MK-SGN: A Spiking Graph Convolutional Network with Multimodal Fusion and Knowledge Distillation for Skeleton-based Action Recognition

In recent years, skeleton-based action recognition, leveraging multimodal Graph Convolutional Networks (GCN), has achieved remarkable results. However, due to their deep structure and reliance on continuous floating-point operations, GCN-based methods are energy-intensive. We propose an innovative Spiking Graph Convolutional Network with Multimodal Fusion and Knowledge Distillation (MK-SGN) to address this issue. By merging the energy efficiency of Spiking Neural Network (SNN) with the graph representation capability of GCN, the proposed MK-SGN reduces energy consumption while maintaining recognition accuracy.
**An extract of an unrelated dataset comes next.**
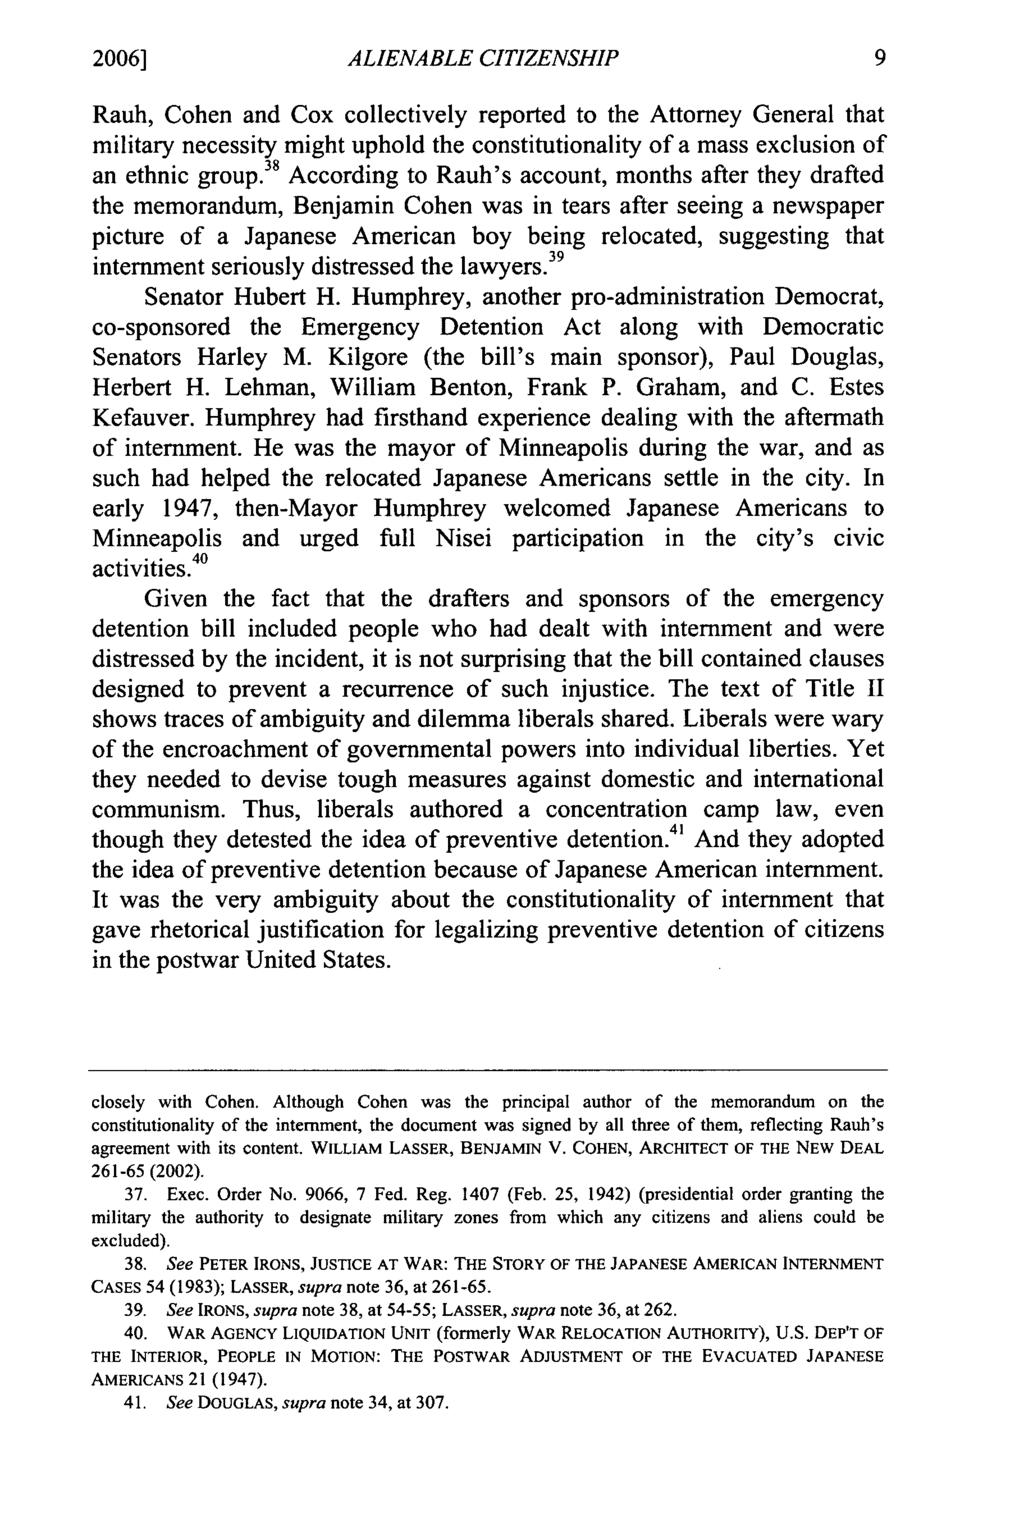 2006] ALIENABLE CITIZENSHIP Rauh, Cohen and Cox collectively reported to the Attorney General that military necessity might uphold the constitutionality of a mass exclusion of 38 an ethnic group.

Firstly, we convert Graph Convolutional Networks (GCN) into Spiking Graph Convolutional Networks (SGN) establishing a new benchmark and paving the way for future research exploration. During this process, we introduce a spiking attention mechanism and design a Spiking-Spatio Graph Convolution module with a Spatial Global Spiking Attention mechanism (SA-SGC), enhancing feature learning capability. Secondly, we propose a Spiking Multimodal Fusion module (SMF), leveraging mutual information to process multimodal data more efficiently. Lastly, we delve into knowledge distillation methods from multimodal GCN to SGN and propose a novel, integrated method that simultaneously focuses on both intermediate layer distillation and soft label distillation to improve the performance of SGN. MK-SGN outperforms the state-of-the-art GCN-like frameworks on three challenging datasets for skeleton-based action recognition in reducing energy consumption. It also outperforms the state-of-the-art SNN frameworks in accuracy. Specifically, our method reduces energy consumption by more than 98% compared to typical GCN-based methods, while maintaining competitive accuracy on the NTU-RGB+D 60 cross-subject split using 4-time steps.

翻译：近年来，利用多模态图卷积网络（GCN）的基于骨架的动作识别取得了显著成果。然而，由于其深层结构及对连续浮点运算的依赖，基于GCN的方法能耗较高。为解决此问题，我们提出了一种创新的融合多模态与知识蒸馏的脉冲图卷积网络（MK-SGN）。通过将脉冲神经网络（SNN）的能效优势与GCN的图表示能力相结合，所提出的MK-SGN在保持识别精度的同时降低了能耗。首先，我们将图卷积网络（GCN）转换为脉冲图卷积网络（SGN），建立了新的基准，并为未来的研究探索铺平了道路。在此过程中，我们引入了脉冲注意力机制，并设计了一个带有空间全局脉冲注意力机制（SA-SGC）的脉冲时空图卷积模块，增强了特征学习能力。其次，我们提出了一个脉冲多模态融合模块（SMF），利用互信息更高效地处理多模态数据。最后，我们深入研究了从多模态GCN到SGN的知识蒸馏方法，并提出了一种新颖的集成方法，该方法同时关注中间层蒸馏和软标签蒸馏，以提升SGN的性能。在三个具有挑战性的基于骨架动作识别数据集上，MK-SGN在降低能耗方面优于最先进的类GCN框架，同时在精度上超越了最先进的SNN框架。具体而言，在NTU-RGB+D 60跨受试者划分数据集上使用4个时间步长时，我们的方法相比典型的基于GCN的方法降低了超过98%的能耗，同时保持了具有竞争力的精度。